◆ **What to produce**: Please, could you print all the lines below exactly, leaving out the pictures?

◆ **Exercise data**:

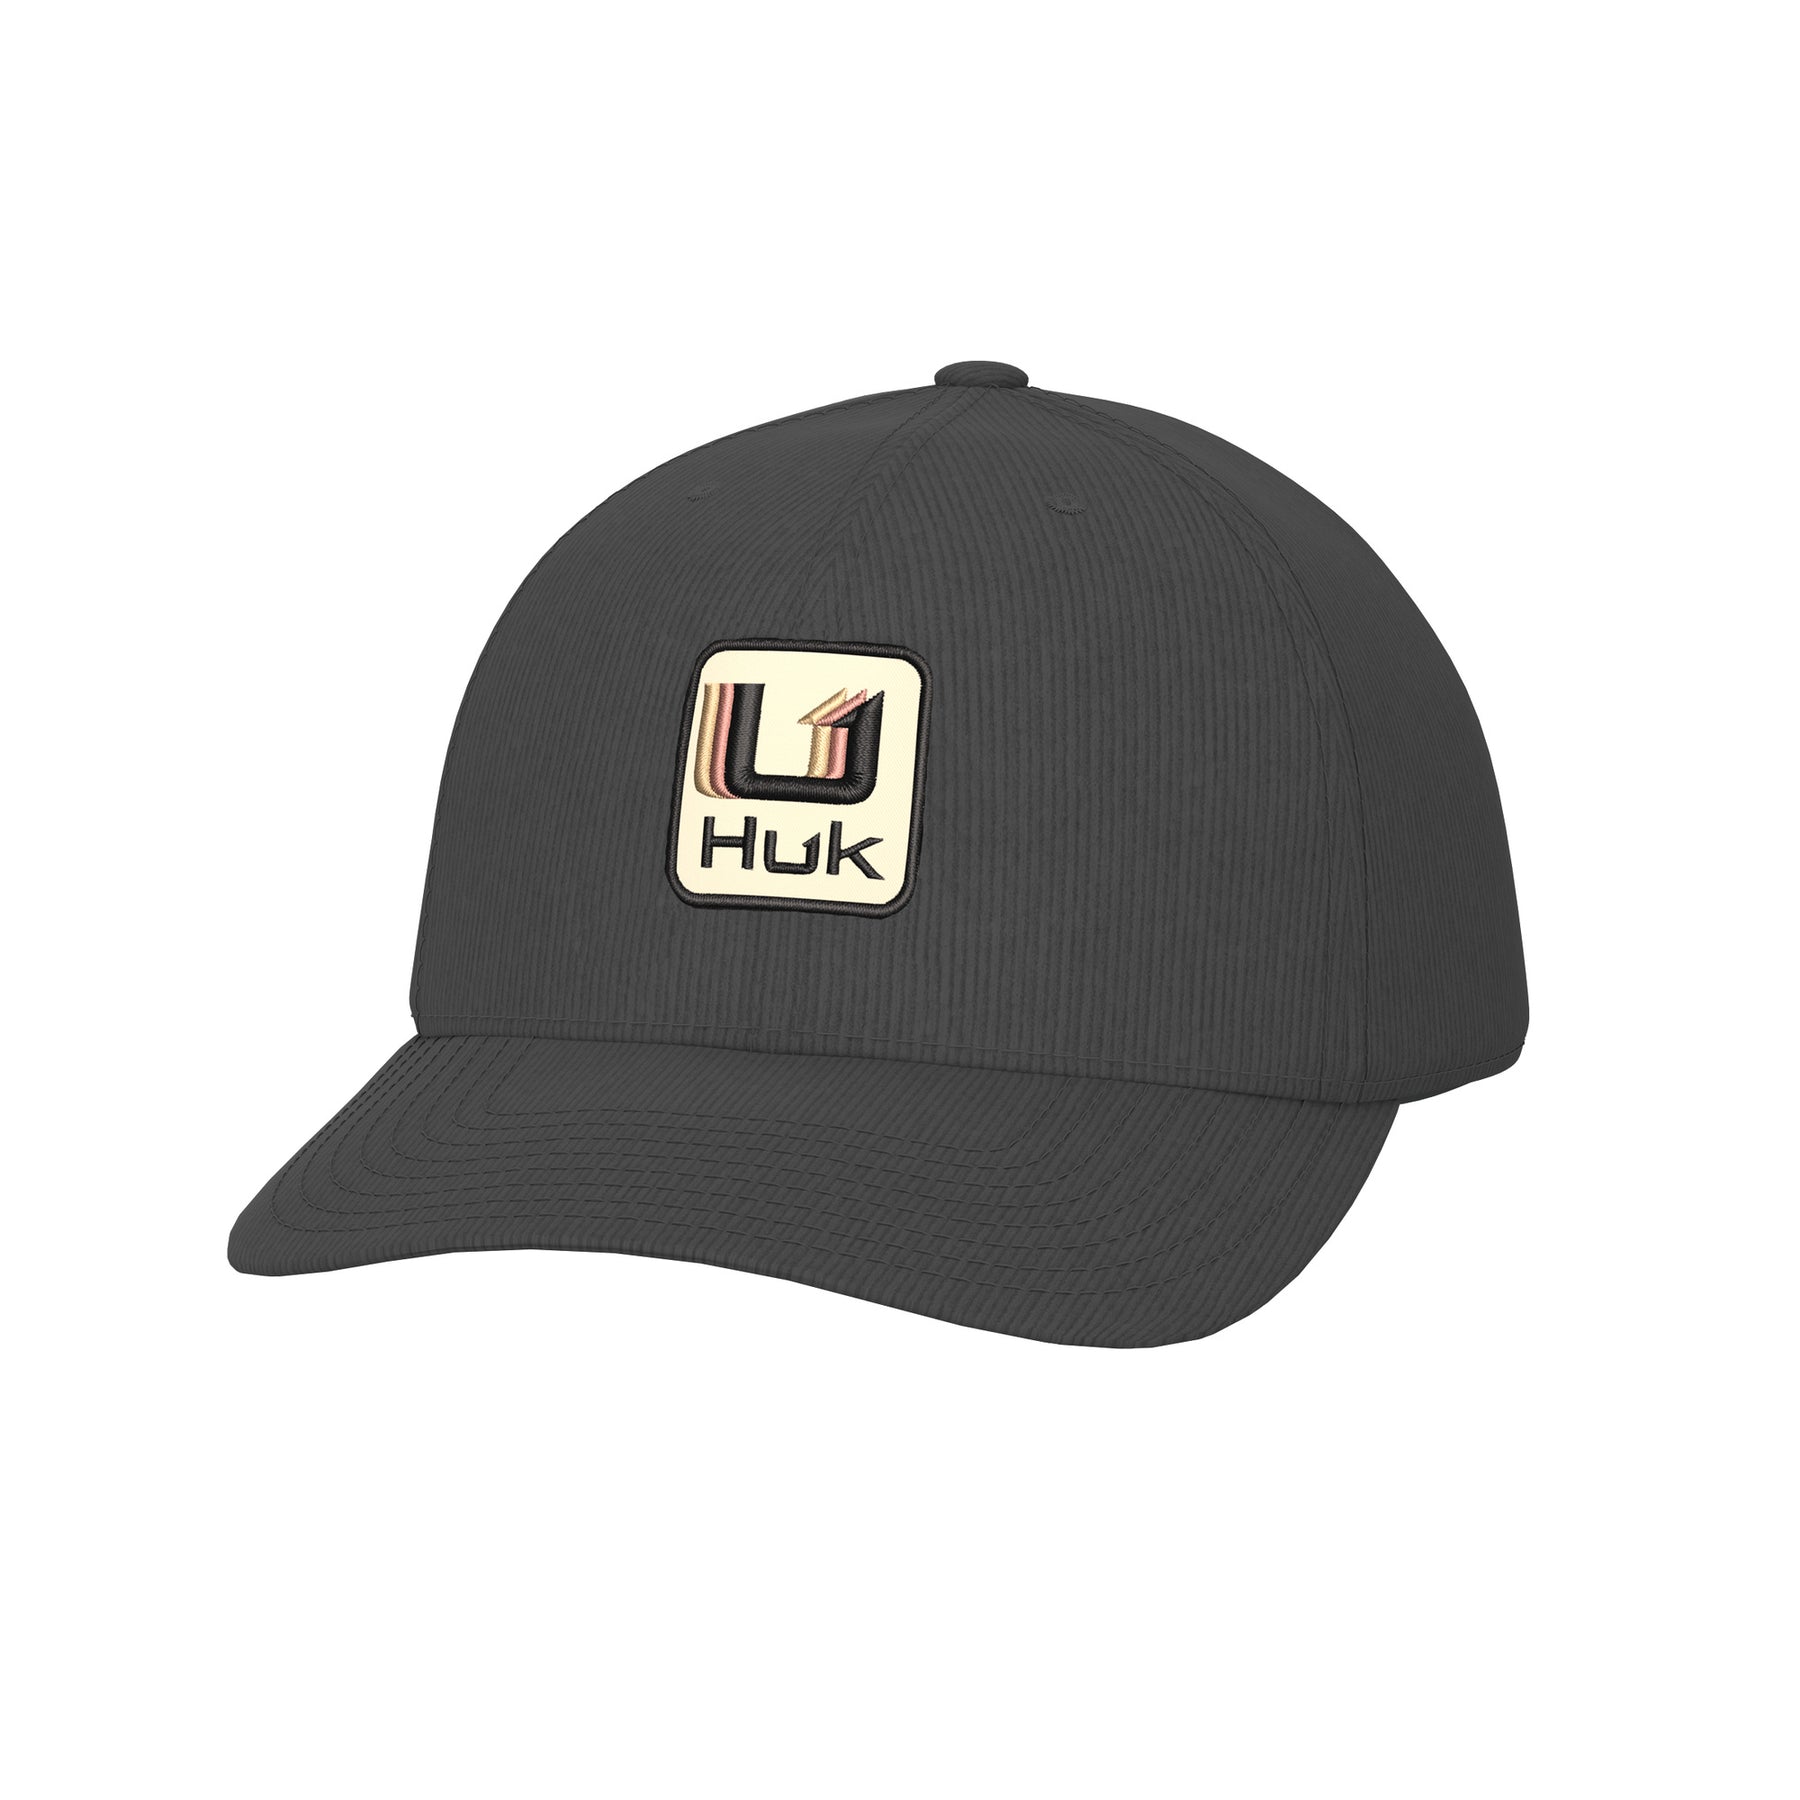 Huk Adjustable Size Baseball Cap Fishing Hats & Headwear for sale
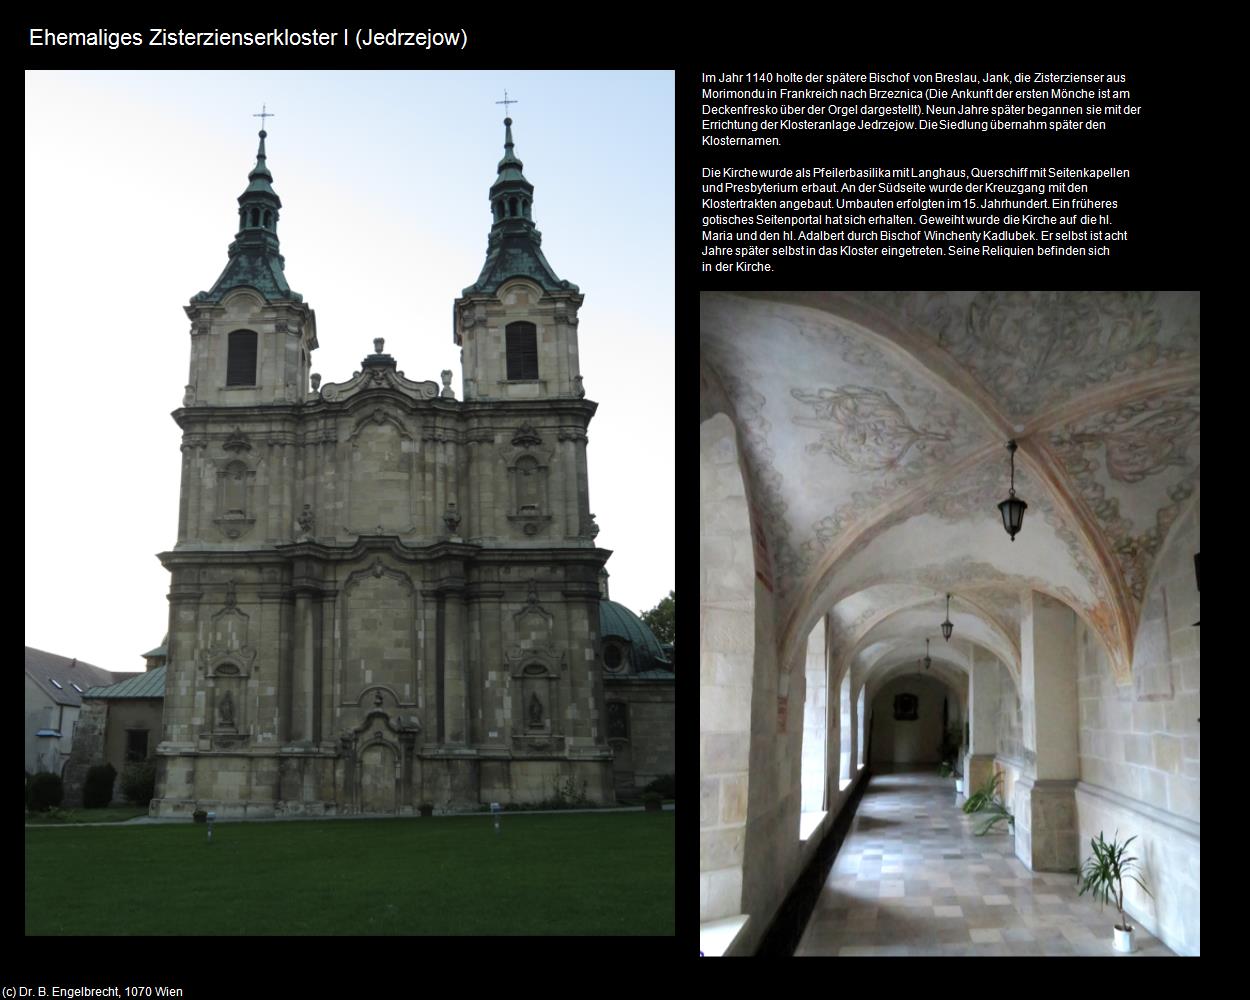 Ehem. Zisterzienserkloster I (Jedrzejow) in POLEN-Galizien
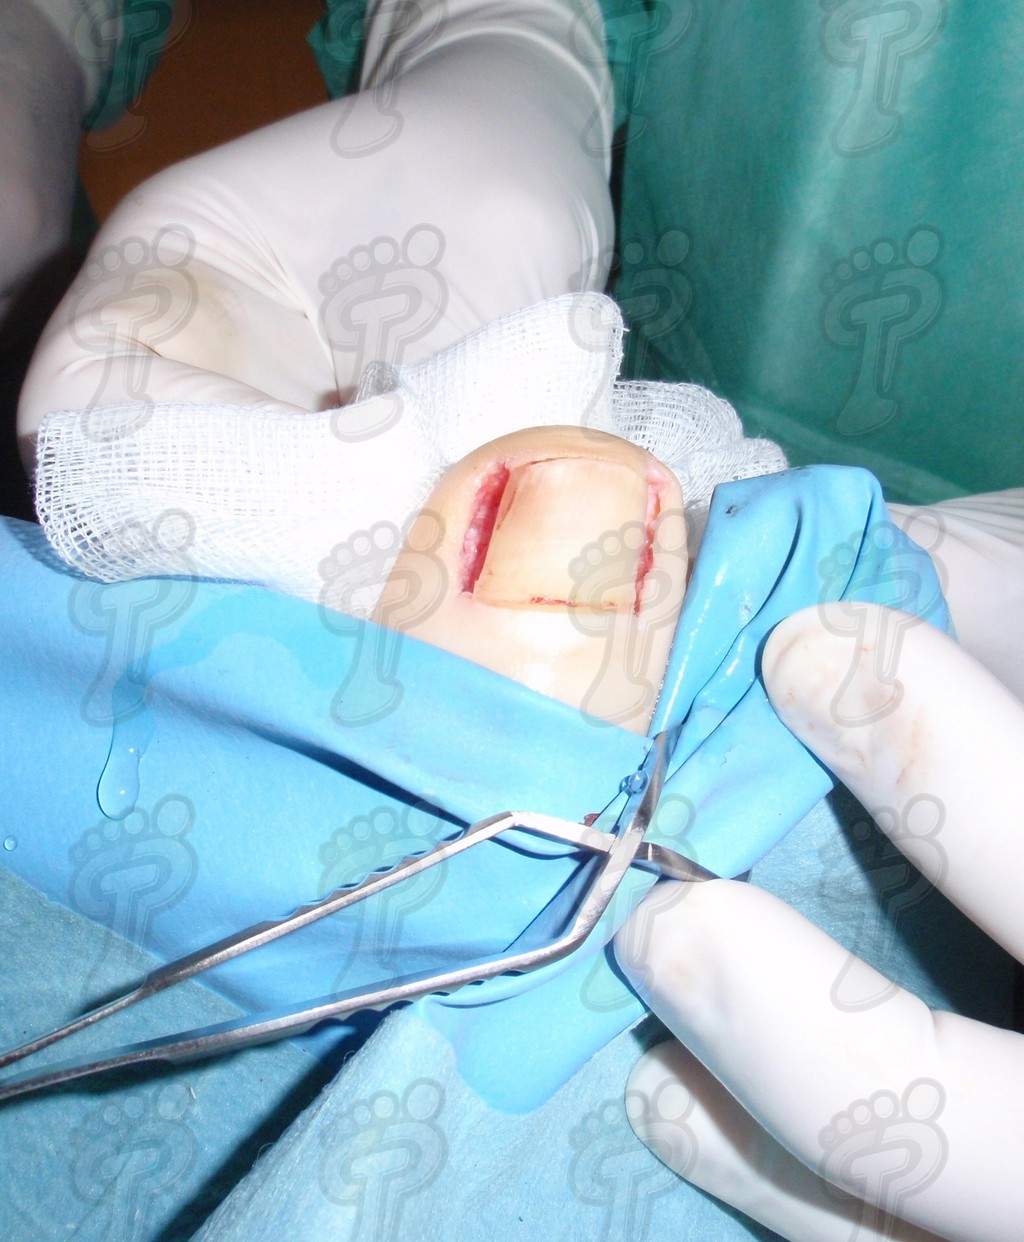 Unguinal surgery minimally invasive

◆ **Answer for this exercise**:
 Huk Adjustable Size Baseball Cap Fishing Hats & Headwear for sale
 Ehem. Zisterzienserkloster I (Jedrzejow) in POLEN-Galizien
 Unguinal surgery minimally invasive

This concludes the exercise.